Last updated: 2026-06-12
Inference Runtime
Forward
Run the inference runtime: decode state, pipeline ownership, and token generation.
This module ties together model state, compute graphs, dispatch helpers, and greedy token sampling for a single active inference engine.
4 exports shown
struct
DecodeState
pub const DecodeState = struct Runtime state for the decode loop.
struct
SamplingParams
pub const SamplingParams = struct Token sampling controls shared by the decode loop and HTTP server.
Methods
1method
SamplingParams.requiresLogitsReadback
pub fn requiresLogitsReadback(self: @This()) bool Return whether the current sampling settings require CPU-visible logits.
(i.e. any path that needs more than just the argmax token index).
struct
InferenceEngine
pub const InferenceEngine = struct Central inference engine that owns the GPU resources for one active model.
Holds the loaded model, all Vulkan pipelines and intermediate activation buffers, KV-cache page pool, SSM recurrent state, and per-request profiling counters. One engine instance maps to one GPU device; it is not thread-safe.
Methods
11method
InferenceEngine.init
pub fn init( model: *Model, instance: *const Instance, gpu_config: GpuConfig, shader_dir: []const u8, allocator: std.mem.Allocator, ) !InferenceEngine Create the runtime objects needed to execute decode-time work on the GPU.
method
InferenceEngine.enableProfiling
pub fn enableProfiling(self: *InferenceEngine) !void Enable full GPU + CPU profiling.
The timestamp query pool is created in `init`, so this just flips the runtime flag. Returns an error if pool creation failed.
method
InferenceEngine.enableValidationDiagnostics
pub fn enableValidationDiagnostics(self: *InferenceEngine) void Enable the expensive CPU-vs-GPU validation readbacks used for debugging kernel correctness.
method
InferenceEngine.enableLogitsReadback
pub fn enableLogitsReadback(self: *InferenceEngine) void Preserve full logits on the host for debug dumps and diagnostic inspection.
method
InferenceEngine.recordProfilingSample
pub fn recordProfilingSample(self: *InferenceEngine) void Read back all timestamps for the current token and fold them into request-wide profiling stats.
method
InferenceEngine.decodeStep
pub fn decodeStep(self: *InferenceEngine, state: *DecodeState, token_id: u32, collect_output: bool) !void Run a single decode step for one token through all transformer layers.

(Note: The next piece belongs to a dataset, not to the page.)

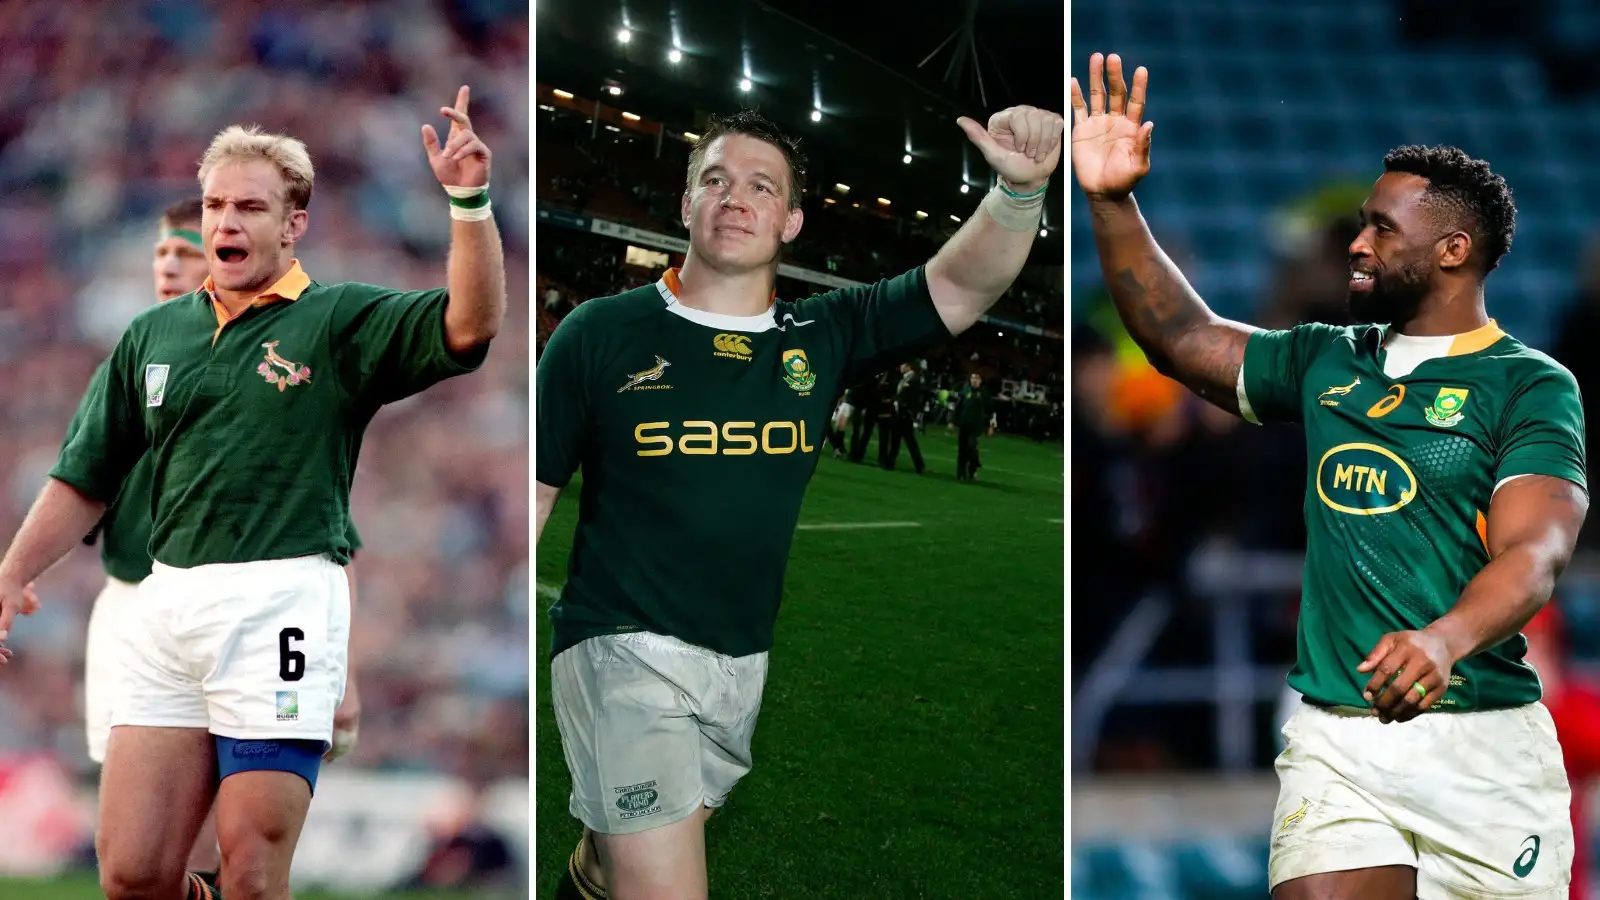 The 30 greatest Springboks of the past 40 years have been selected, with 27 Rugby World Cup winners making the cut.  South African Sunday newspaper the Rapport counted down the greatest players to have donned the Green and Gold over the last 40 years, with an esteemed panel making the selections.

embed → [per-layer: norm → QKV → RoPE → KV write → attention → O proj → residual → FFN norm → MoE routing → expert DMMVs → residual] → final norm → LM head → logits diagnostic or GPT-OSS embedding-collection paths.
method
InferenceEngine.prefillBatched
pub fn prefillBatched(self: *InferenceEngine, state: *DecodeState, prompt_tokens: []const u32) !void Experimental batched prompt prefill for the RDNA/Vulkan backend. Gated by `ZINC_BATCHED_PREFILL=1`. This is the Vulkan analogue of `forward_metal.InferenceEngine.prefillBatched`.
Routes to `prefillA3bProduction` or `prefillQwen36DenseFfnPrefix` when the model and prompt length match those specialized paths; otherwise falls back to the `canUseBatchedPrefillRdna`-gated batched body or `prefillBatch` (per-token serial path). Set `ZINC_BATCHED_PREFILL=0` to force the serial fallback or `=validate` to run both paths and diff the last-token logits. Intel Arc devices require `ZINC_INTEL_BATCHED_PREFILL=1` to opt in.
method
InferenceEngine.prefillBatch
pub fn prefillBatch(self: *InferenceEngine, state: *DecodeState, prompt_tokens: []const u32) !void Process all prompt tokens sequentially (one token per GPU submission) to populate KV cache and SSM state before the first decode step.
an active KV-page allocation for continuation prefill.
method
InferenceEngine.sampleGreedy
pub fn sampleGreedy(self: *const InferenceEngine) u32 Sample a token greedily.
Uses GPU argmax when available, otherwise falls back to CPU scan.
method
InferenceEngine.sample
pub fn sample(self: *const InferenceEngine, state: *const DecodeState, params: SamplingParams, random: std.Random) u32 Sample the next token using greedy argmax or stochastic sampling depending on `params`.
Delegates to `sampleGreedy` when no logit readback is needed; otherwise reads staged logits from the host and applies temperature, top-p, top-k, and repetition penalty.
method
InferenceEngine.deinit
pub fn deinit(self: *InferenceEngine) void Release GPU buffers, graphs, command objects, and dispatch helpers owned by the engine.
function
generate
pub fn generate( engine: *InferenceEngine, prompt_tokens: []const u32, max_tokens: u32, eos_token_id: u32, allocator: std.mem.Allocator, ) ![]u32 Run single-request inference: prefill the prompt, decode greedily, and return generated token IDs.